We childproofed our house to a fare-thee-well—all outlets covered, drawers latched, sharp table corners covered with those little rubber bumpers. But all that was to no avail when our infant daughter crawled under the coffee table and then tried to stand. For a few seconds, her wails might have made you think the world was on fire. But she soon got over it, and set off on her next adventure.

Funny thing about injuries. Some pass in an instant. Some need only a touch of attention: a mother’s kiss, a squirt of Bactine, maybe a cartoon bandage. Scraped elbows, skinned knees, even broken teenage hearts, given a little time and the right amount of care, can heal… perhaps leaving behind a little scar, or a little bit of wisdom.

Some injuries might seem to heal, but never quite go away completely. A residual limp, or the occasional twinge of pain reminds you of something you had almost—almost—forgotten.

Some injuries change your entire reality, all at once and forever. A limb disappears in twisted metal, a nerve is severed in a fall, a sense is lost. From such injuries, there is no return to normal, no real healing, only adaptation, and acceptance.

Some injuries you may not understand, or even recognize, for years. The damage remains hidden, underneath the threshold of notice, until the passing of time and the process of aging erode its insulation—or it grows into inescapable awareness, like a football player’s concussion, or a factory worker’s cancer.

Some injuries happen all at once, with a scream or a screech of brakes, but others are the result of a steady stream of little insults to the body, like long-term exposure to toxic chemicals. One goes happily along through life, unknowing, unsuspecting, taking in the deadly agents with every breath or sip of water.

Sometimes healing happens by itself, on its own mysterious schedule. Sometimes it requires concerted, determined, even painful effort. I know a couple of folks who recently received replacement hips. Ahead of them is a well-worn but still challenging road of rehabilitation, but when it’s over they will be in much better shape than before.

Sometimes the effort required isn’t physical. Sometimes it’s a process of coming to grips—mentally, emotionally, even spiritually—with what has happened. It might require a letting go of guilt, or an acceptance of responsibility. It might be a long process of mourning and grief, or of releasing one’s anger and fear, or of coming to forgiveness. One way or another, we have to come to terms with the world again. Failure to do this can drive one insane.

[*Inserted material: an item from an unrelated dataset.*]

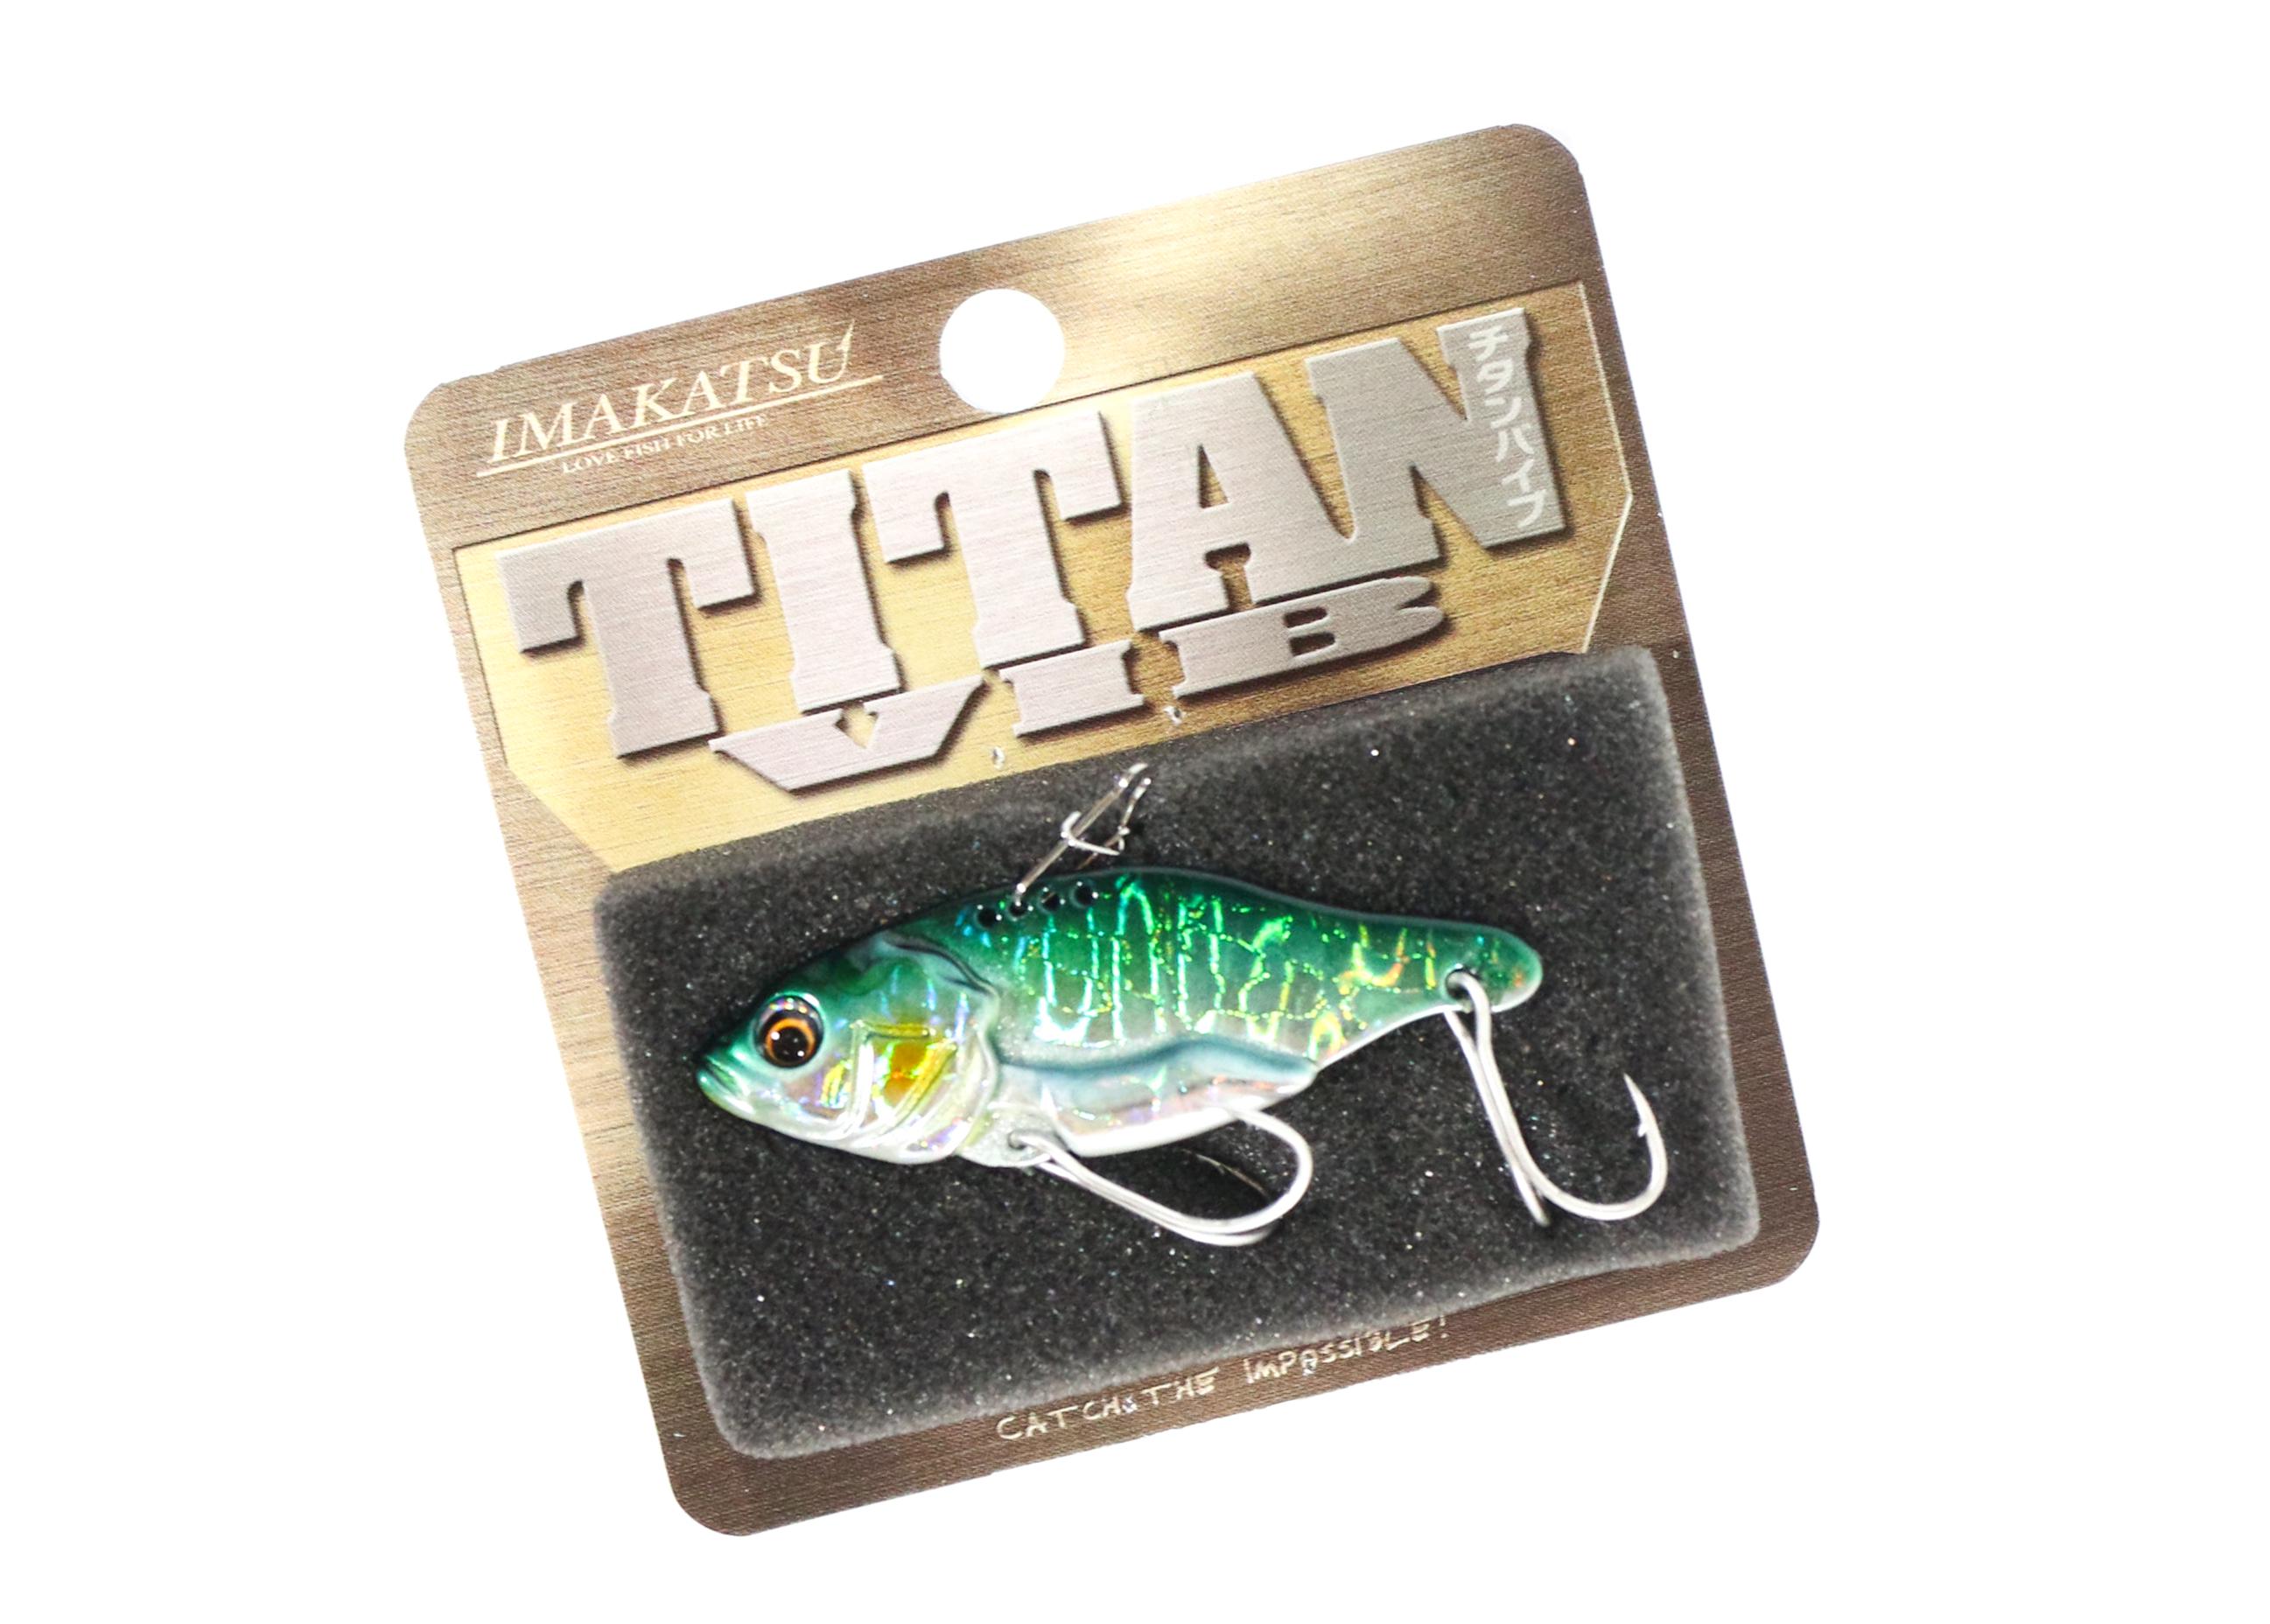 Sale Imakatsu Titan Vib Metal Vibration 3/8 oz Sinking Lure MV-12 (4844)

I lay out all these scenarios, these models, of injury and healing, so that I can ask you this question:

Which of them apply to you, with regard to 9/11? Which might apply to our country?

I can’t say that I’ve completely healed, myself—not just from the shock of the attacks themselves, but from their aftermath as well.

And I don’t think that we have healed as a country. We haven’t gone through the emotional rehab we need, in part, because it’s in some people’s interests to keep picking at the psychic scabs of our collective injury. The results, the delayed reactions to 9/11, are visible everywhere: the increased violence, polarization, Islamophobia and xenophobia… and the front-runner status of Donald Trump.